To better understand the case at hand, consider the following facts: Mark Sveen married Kaye Melin in 1997 and designated her as the primary beneficiary of his life-insurance policy.  In 2002, Minnesota revised its code so that the designation of a spouse as a beneficiary would automatically be revoked upon divorce.  Mark and Kaye divorced in 2007, and much to the surprise of his children, he failed to update the beneficiary designation.  So, when Mark died in 2011, the insurance company was uncertain how to proceed: should it pay the proceeds to Mark’s ex-wife (Kaye), or alternatively, to Mark’s children?  Phrased differently, should the insurance company follow Mark’s original instruction, or alternatively, Minnesota’s new statute?  Given this predicament, the insurance company asked the Court for help.
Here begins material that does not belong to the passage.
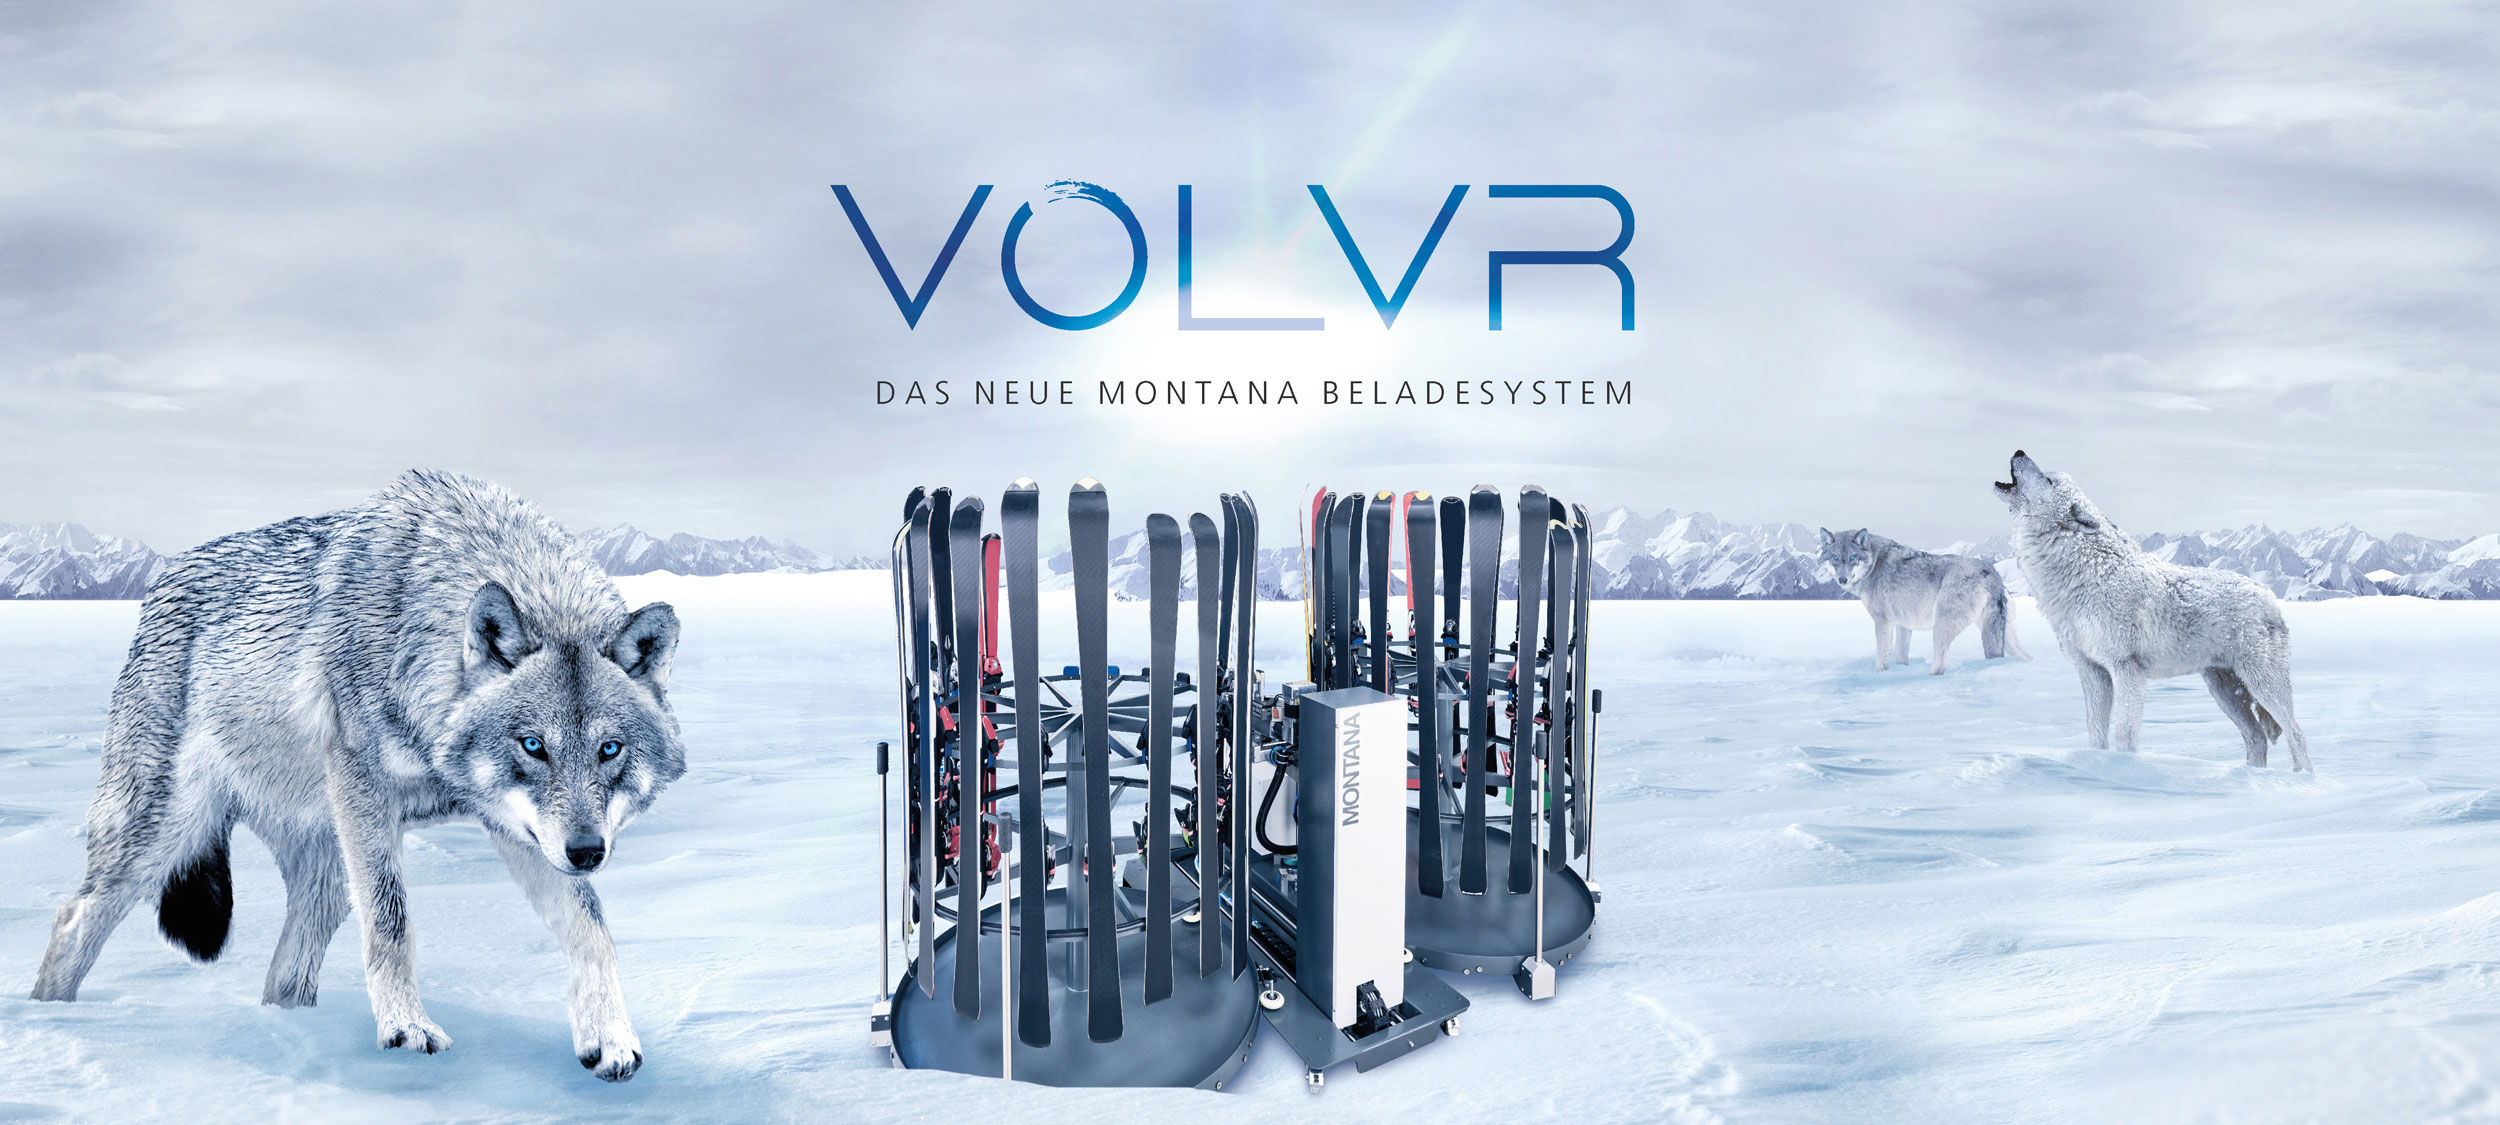 VOLVR Beladesystem für MONTANA Skiservice-Maschinen

In an 8-1 opinion, the Court held that the retroactive application of Minnesota’s revocation-upon-divorce statute does not violate the contracts clause of the Constitution.  According to the Court, the law in this case was meant to reflect the policyholder’s intent, thus supporting, rather than frustrating, the contractual scheme.  Reasonably so, Mark, amongst many others, would probably not want his life insurance proceeds to pass to his ex-wife.  Furthermore, the law in this case was unlikely to defeat the policyholder’s expectations, as the policyholder could not sensibly assume a beneficiary designation would remain in place post-divorce.  Moreover, the law in this case purely functioned as a default rule, which the policyholder could undo at any point in time by submitting a new beneficiary designation form.  According to the Court, the hassle, or lack thereof, of such negligible paperwork does not violate the contracts clause under its established precedent.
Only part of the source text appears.